REQUIRED ACTION: The whole listing is to be restated word for word with no images.

AVAILABLE DATA:
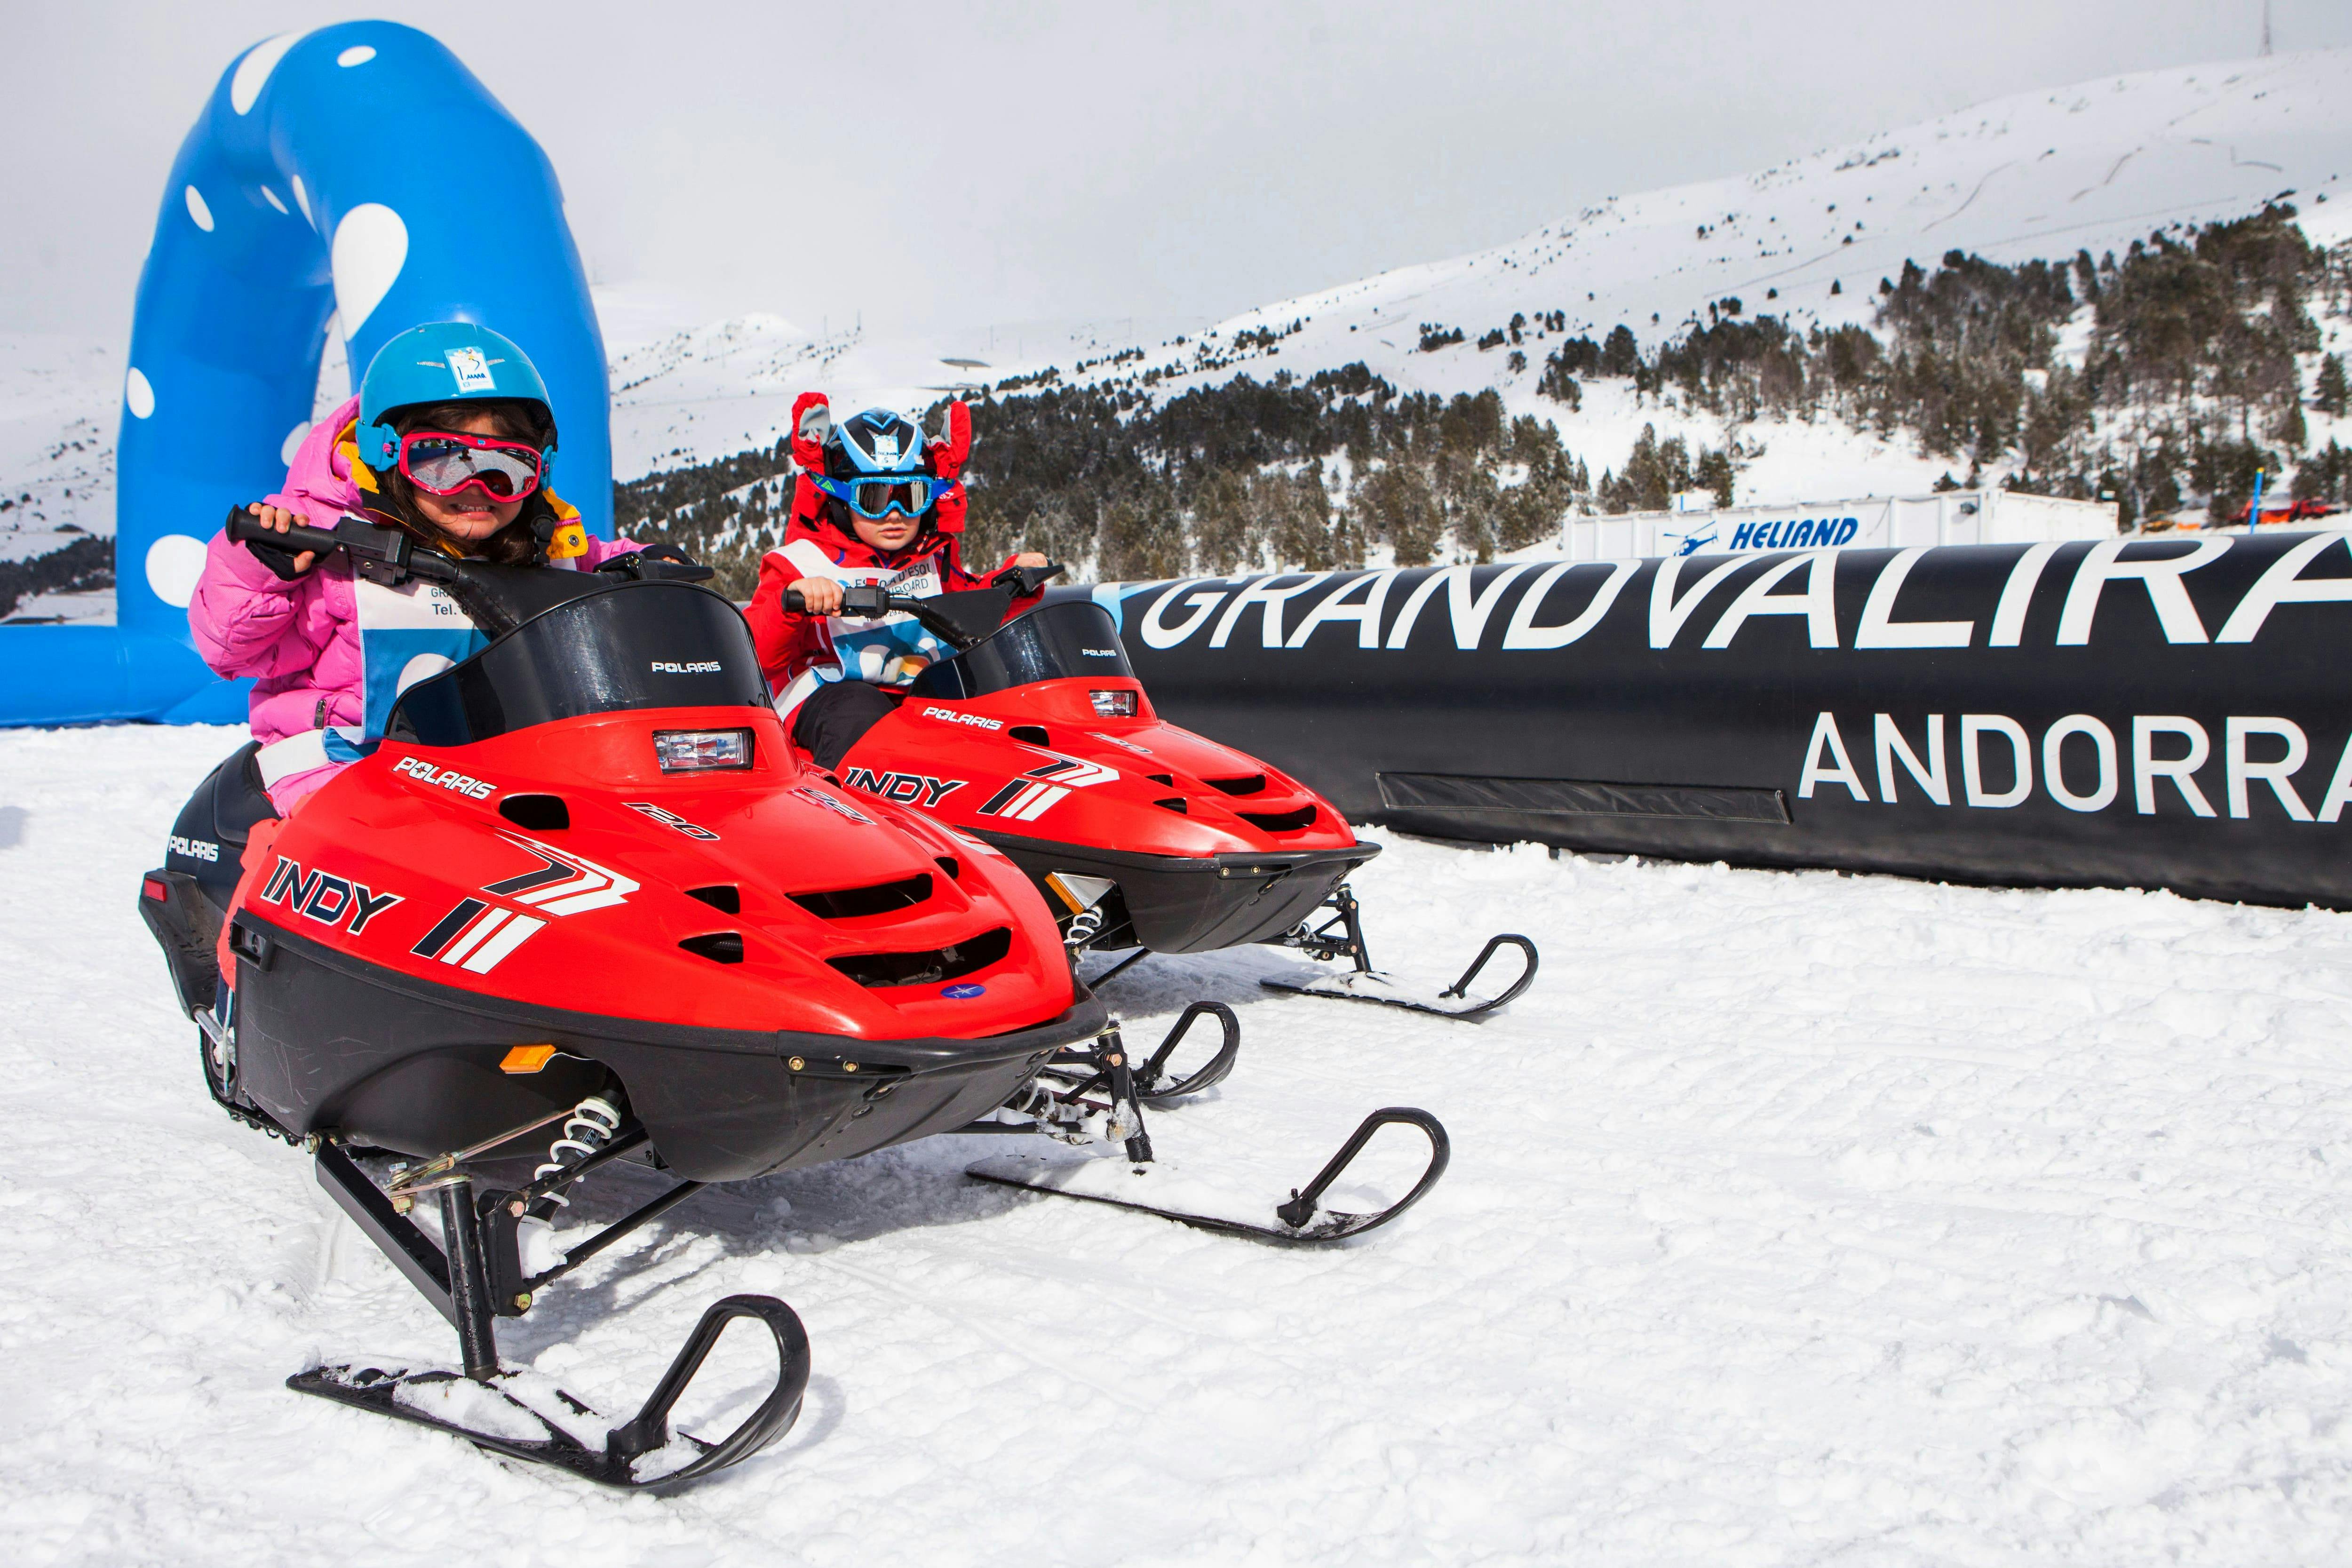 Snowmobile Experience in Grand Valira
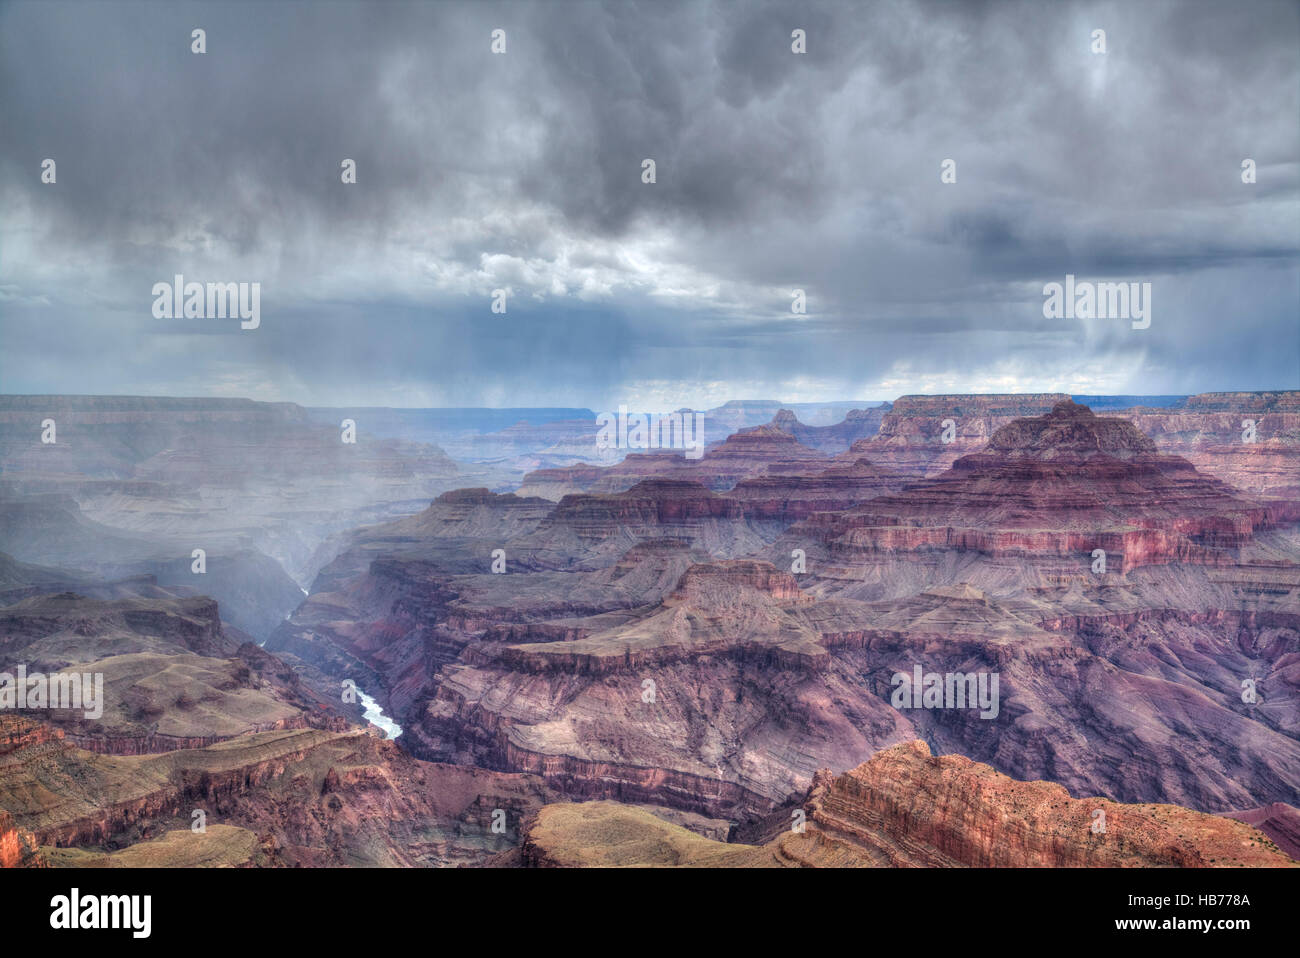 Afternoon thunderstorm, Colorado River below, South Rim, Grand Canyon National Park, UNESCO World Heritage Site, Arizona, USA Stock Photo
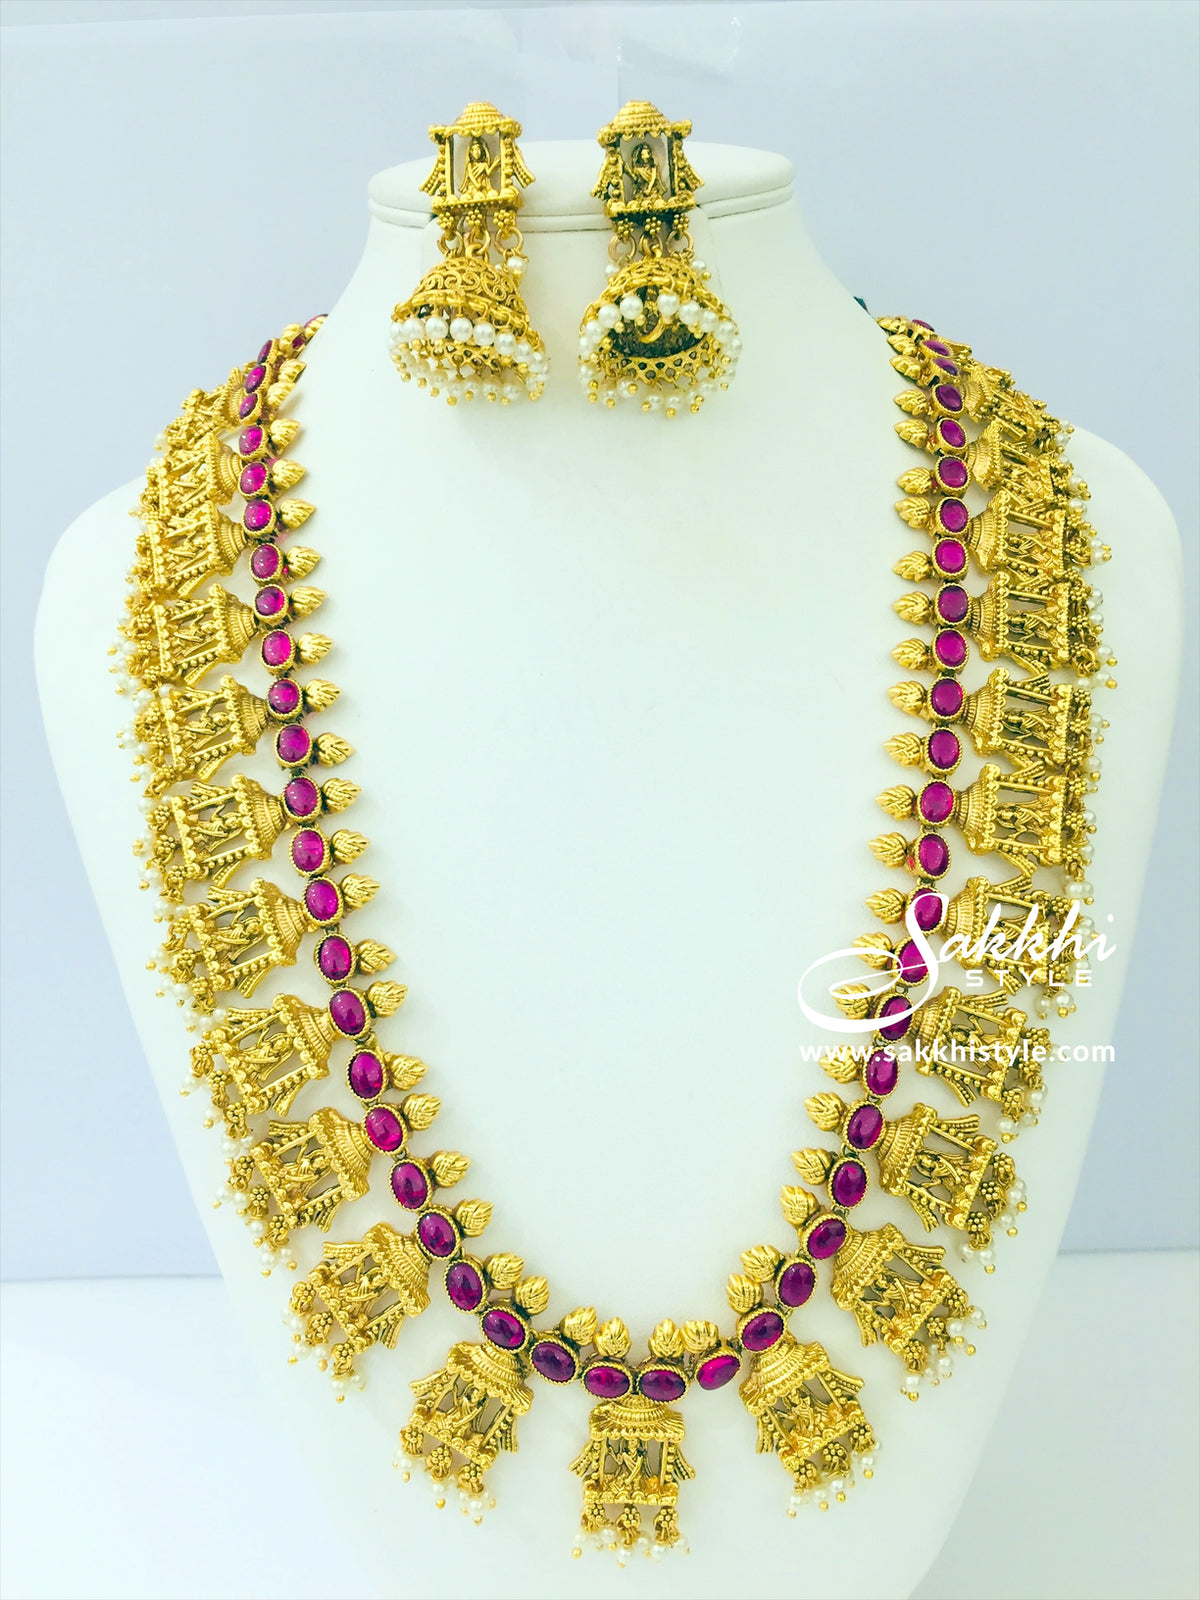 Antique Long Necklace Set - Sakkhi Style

ANSWER TO THIS EXERCISE:
 Snowmobile Experience in Grand Valira
 Afternoon thunderstorm, Colorado River below, South Rim, Grand Canyon National Park, UNESCO World Heritage Site, Arizona, USA Stock Photo
 Antique Long Necklace Set - Sakkhi Style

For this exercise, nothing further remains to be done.